Is assigning a pointer in C program considered atomic on x86-64

https://www.gnu.org/software/libc/manual/html_node/Atomic-Types.html#Atomic-Types says - In practice, you can assume that int is atomic. You can also assume that pointer types are atomic; that is very convenient. Both of these assumptions are true on all of the machines that the GNU C Library supports and on all POSIX systems we know of.
My question is whether pointer assignment can be considered atomic on x86_64 architecture for a C program compiled with gcc m64 flag. OS is 64bit Linux and CPU is Intel(R) Xeon(R) CPU D-1548. One thread will be setting a pointer and another thread accessing the pointer. There is only one writer thread and one reader thread. Reader should either be getting the previous value of the pointer or the latest value and no garbage value in between.
If it is not considered atomic, please let me know how can I use the gcc atomic builtins or maybe memory barrier like __sync_synchronize to achieve the same without using locks. Interested only in C solution and not C++. Thanks!

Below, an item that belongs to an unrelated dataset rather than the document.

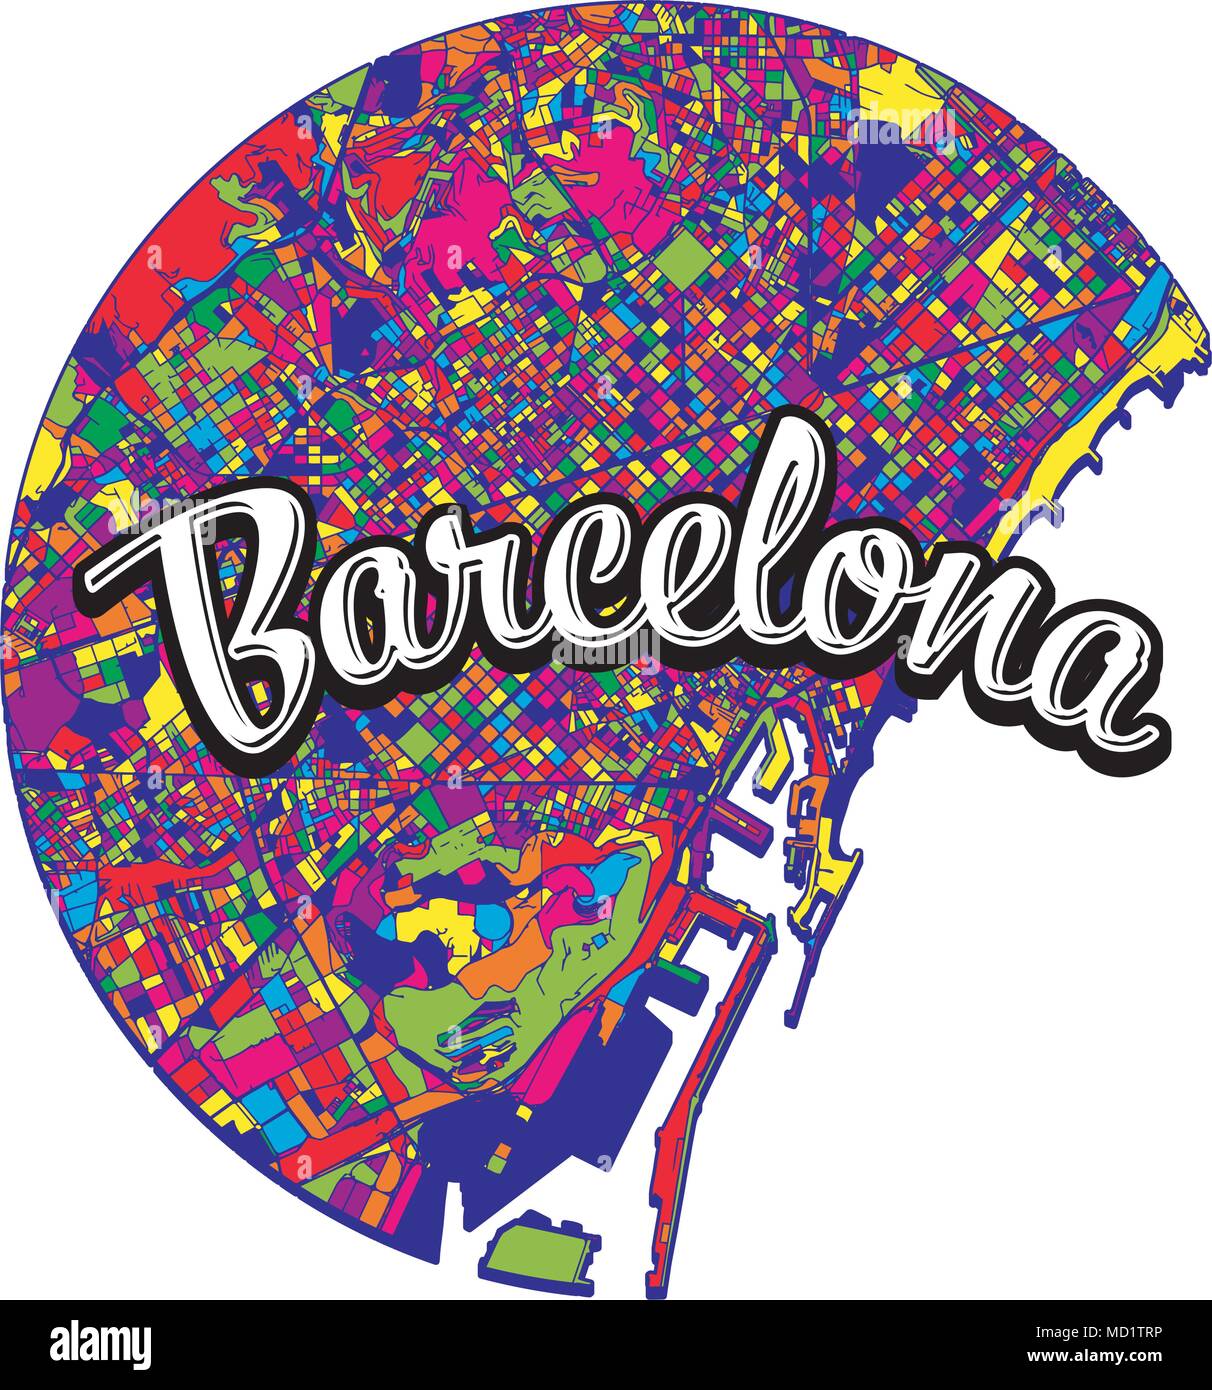 Mappa di Barcellona con scritto il titolo. Immagine vettoriale per il marketing digitale e stampe poster. Illustrazione Vettoriale

Bear in mind that atomicity alone is not enough for communicating between threads. Nothing prevents the compiler and CPU from reordering previous/subsequent load and store instructions with that "atomic" store. In old days people used volatile to prevent that reordering but that was never intended for use with threads and doesn't provide means to specify less or more restrictive memory order (see "Relationship with volatile" in there).
You should use C11 atomics because they guarantee both atomicity and memory order.

For almost all architectures, pointer load and store are atomic. A once notable exception was 8086/80286 where pointers could be seg:offset; there was an l[des]s instruction which could make an atomic load; but no corresponding atomic store.
The integrity of the pointer is only a small concern; your bigger issue revolves around synchronization: the pointer was at value Y, you set it to X; how will you know when nobody is using the (old) Y value?
A somewhat related problem is that you may have stored things at X, which the other thread expects to find. Without synchronization, other might see the new pointer value, however what it points to might not be up to date yet.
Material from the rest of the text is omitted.